06/09/2011 – Faixa no Complexo do Alemão: moradores reclamam da ação dos militares (Marco Antônio Cavalcanti/Ag.OGlobo)
“Fez-se logo medonha confusão. Cada qual pensou em salvar o que era seu. E os policiais, aproveitando o terror dos adversários, avançaram com ímpeto, levando na frente o que encontravam e penetrando enfim no infernal reduto, a dar espadeiradas para a direita e para a esquerda, como quem destroça uma boiada. A multidão atropelava-se, desembestando num alarido. Uns fugiam à prisão; outros cuidavam em defender a casa. Mas as praças, loucas de cólera, metiam dentro as portas e iam invadindo e quebrando tudo, sequiosas de vingança.”
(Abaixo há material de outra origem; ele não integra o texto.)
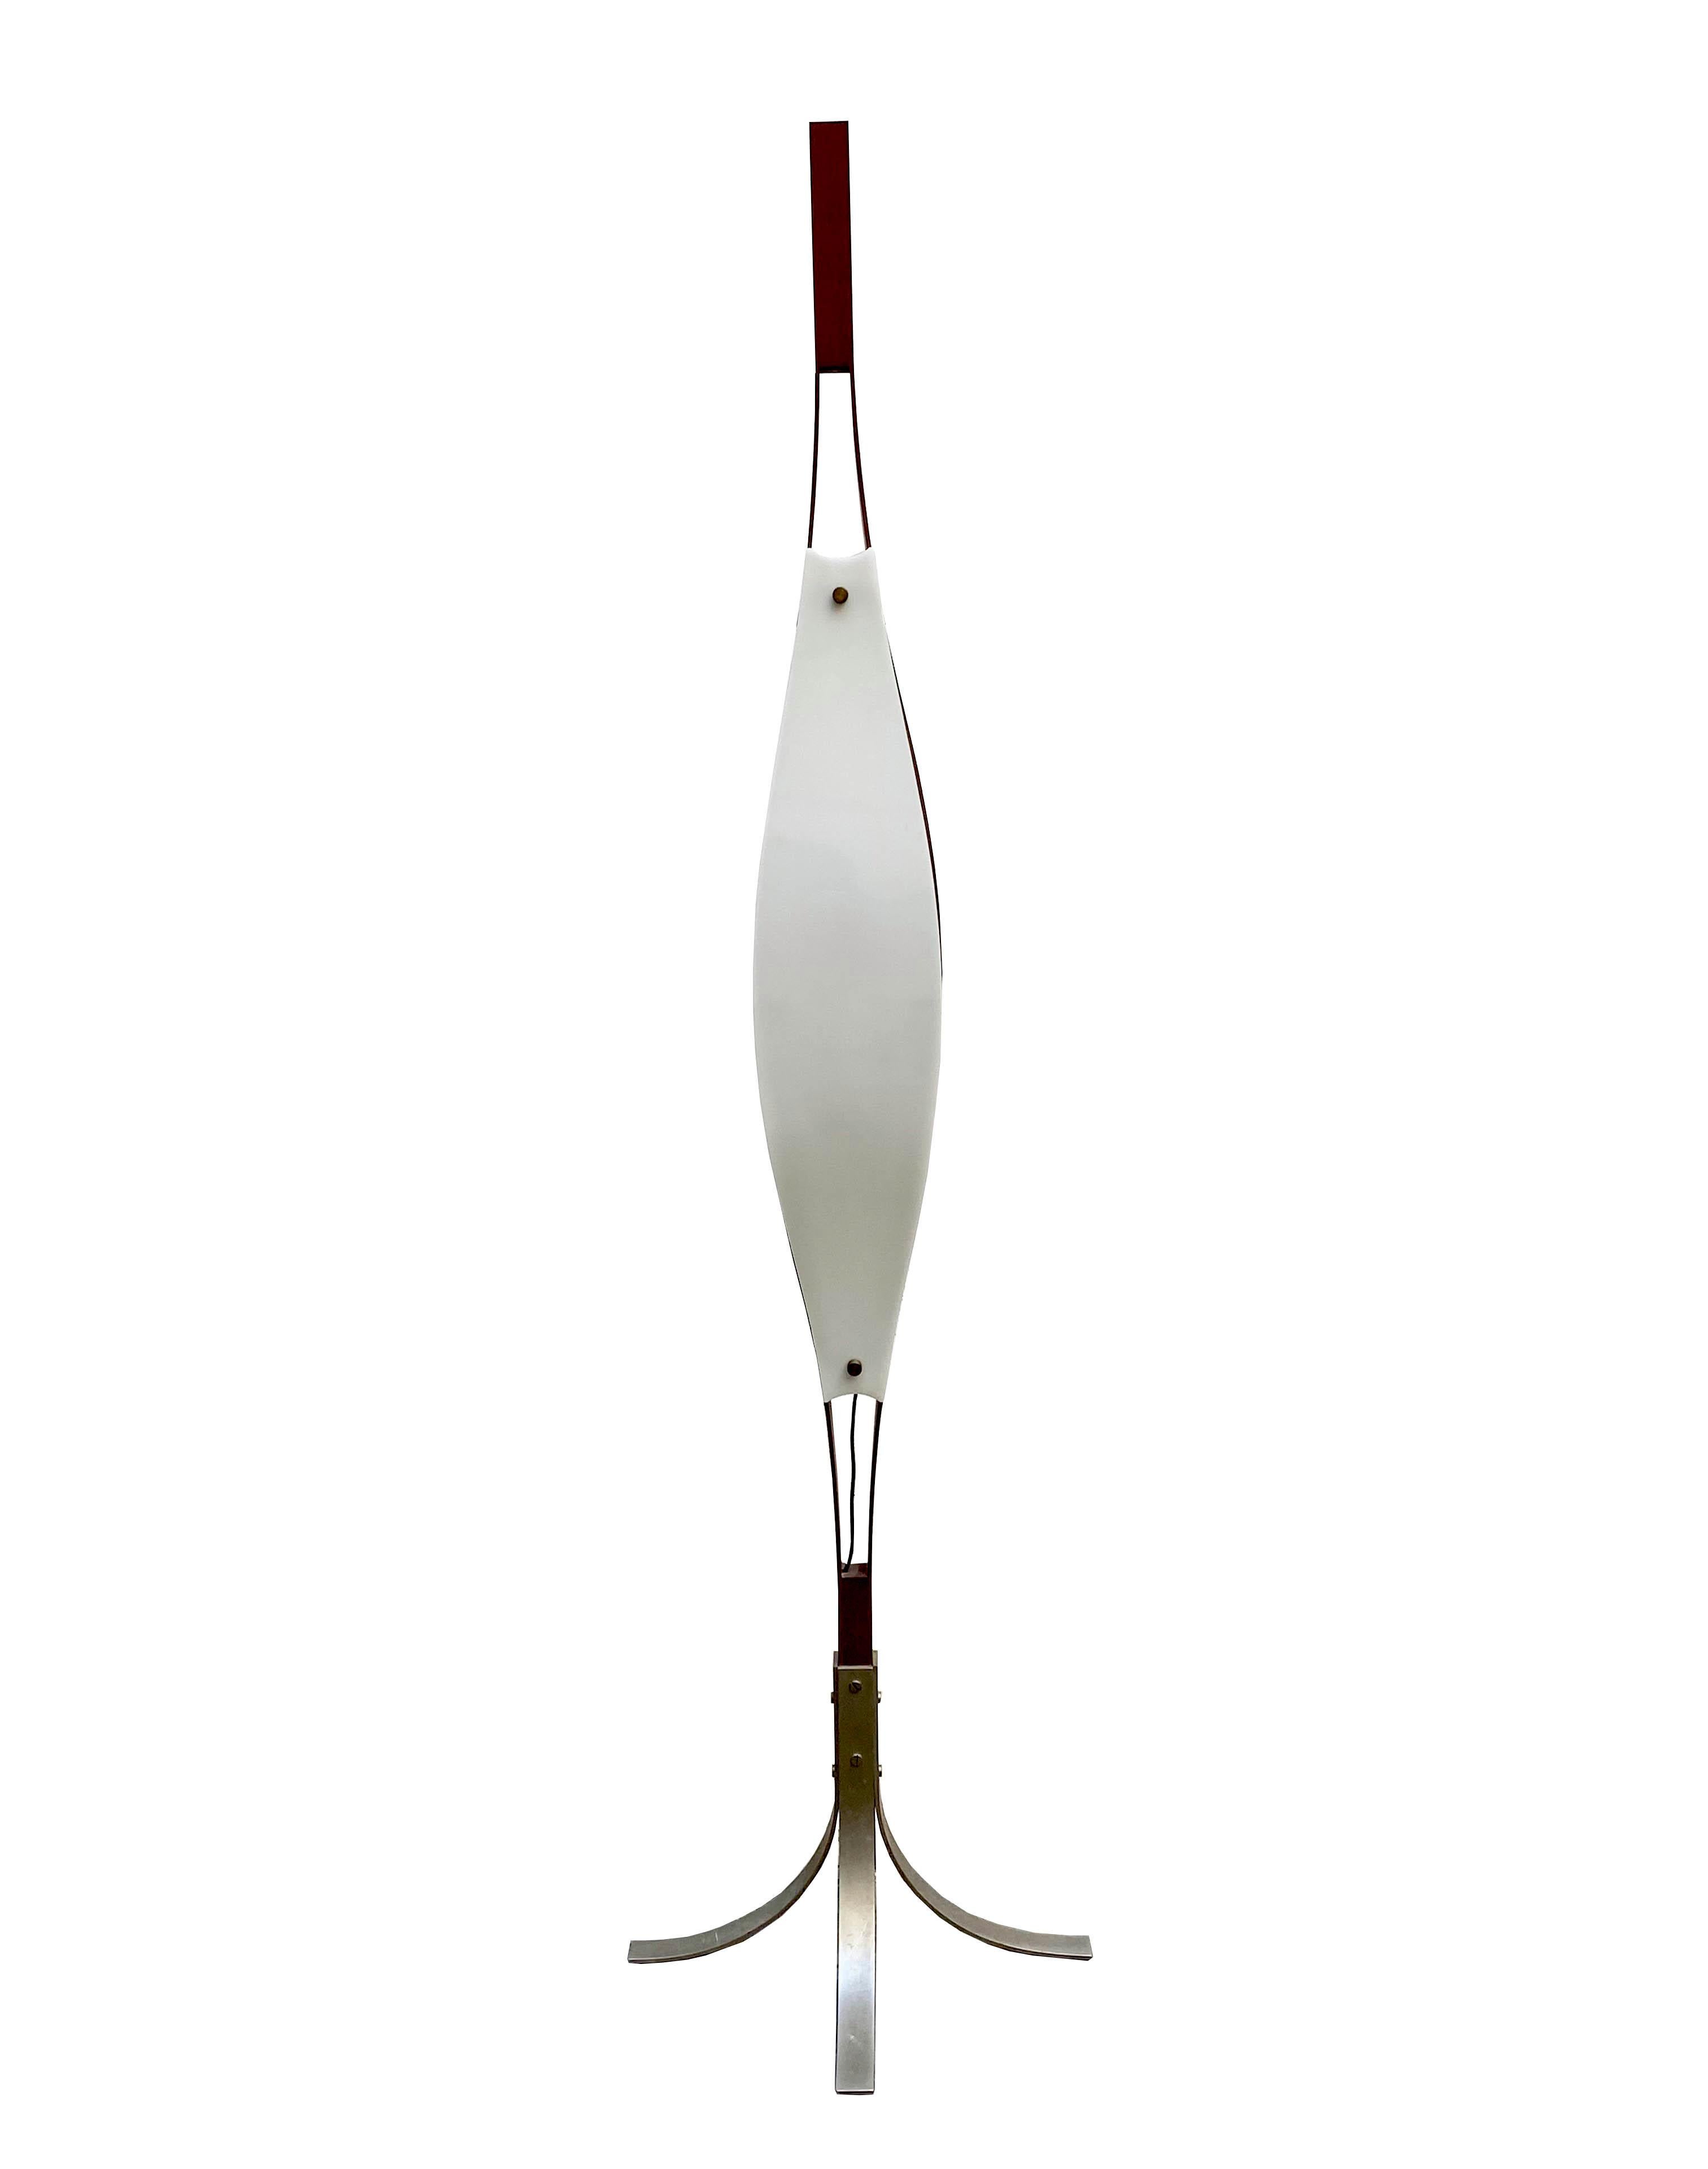 The Goffredo Reggiani floor lamp is a sculptural piece with two walnut and two plexiglass panels mounted on stainless steel legs. Made in Italy, circa 1960.
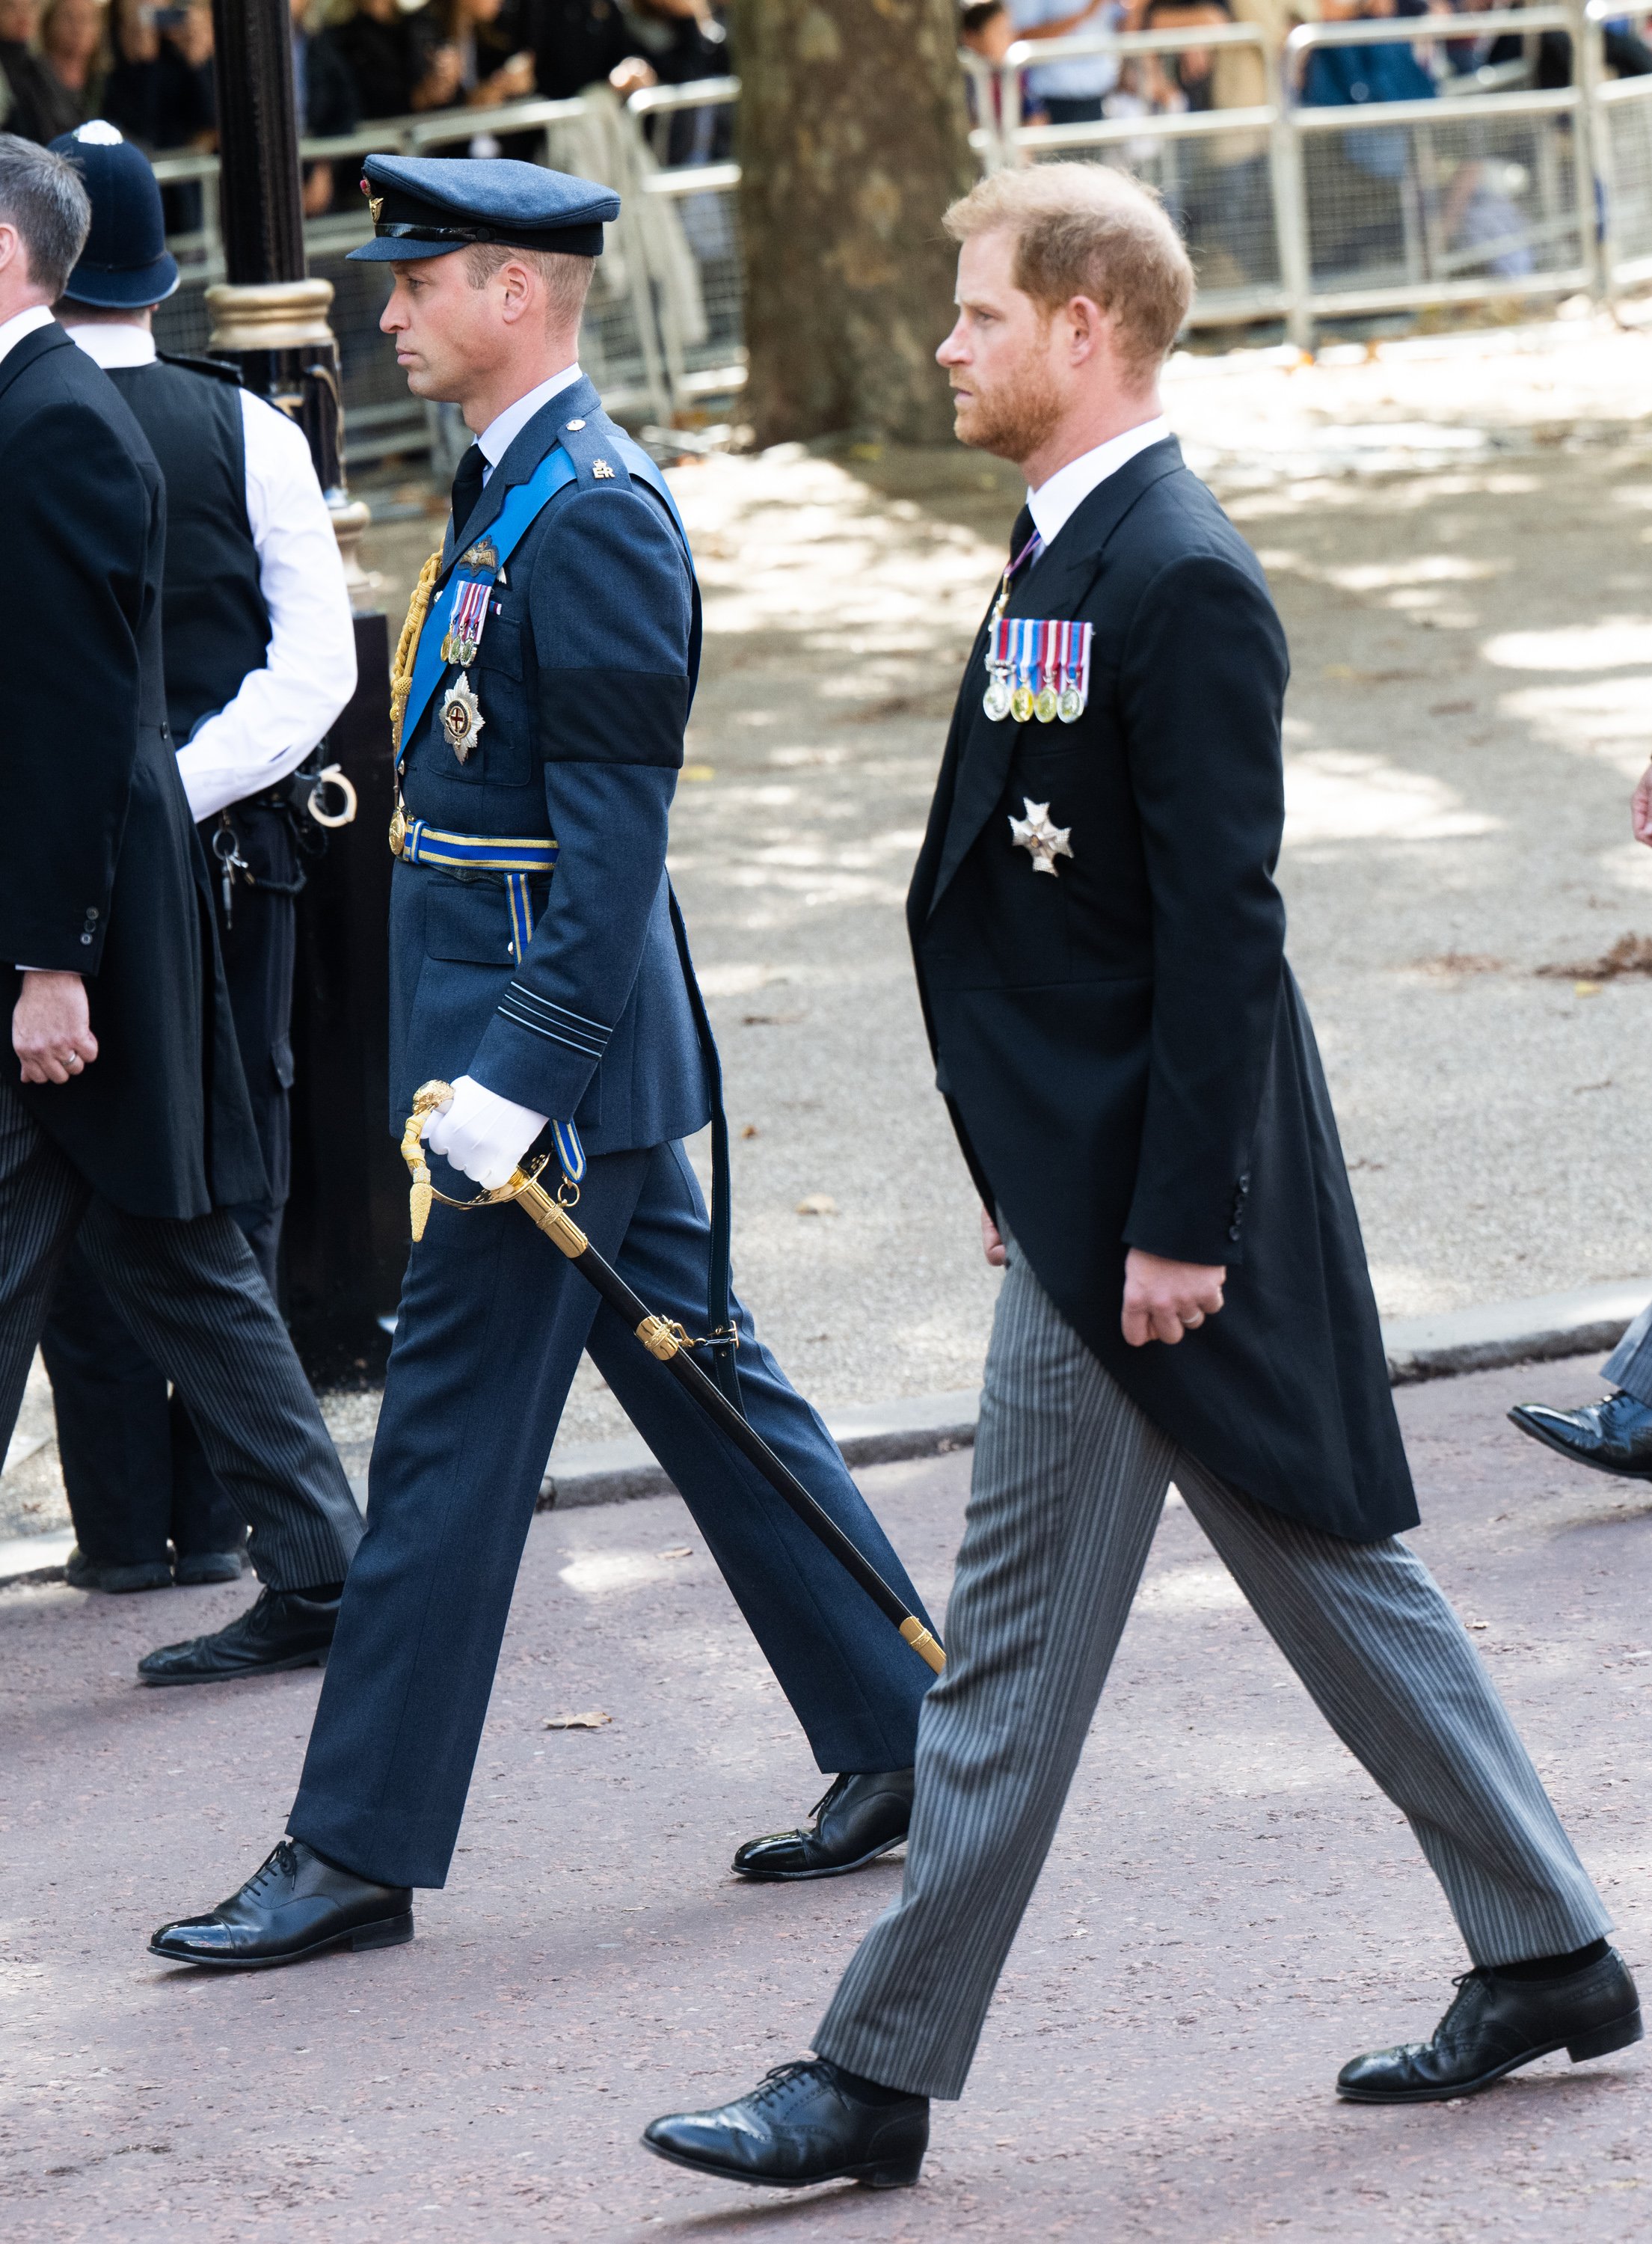 Prince William and Prince Harry walk behind Queen Elizabeth II's coffin on September 14, 2022 in London, England. | Source: Getty Images

O Cortiço, pág. 104 (Ed. Moderna)
6/09/2011- Dona de casa levou um tiro de bala de borracha durante o tumulto no Complexo do Alemão. Foto: Márcia Foletto / Agência O Globo

* Dica para você que está lendo O Cortiço para o vestibular: se você citar os confrontos entre exército e moradores do Alemão como exemplo da atualidade dessa obra, seu corretor vai adorar…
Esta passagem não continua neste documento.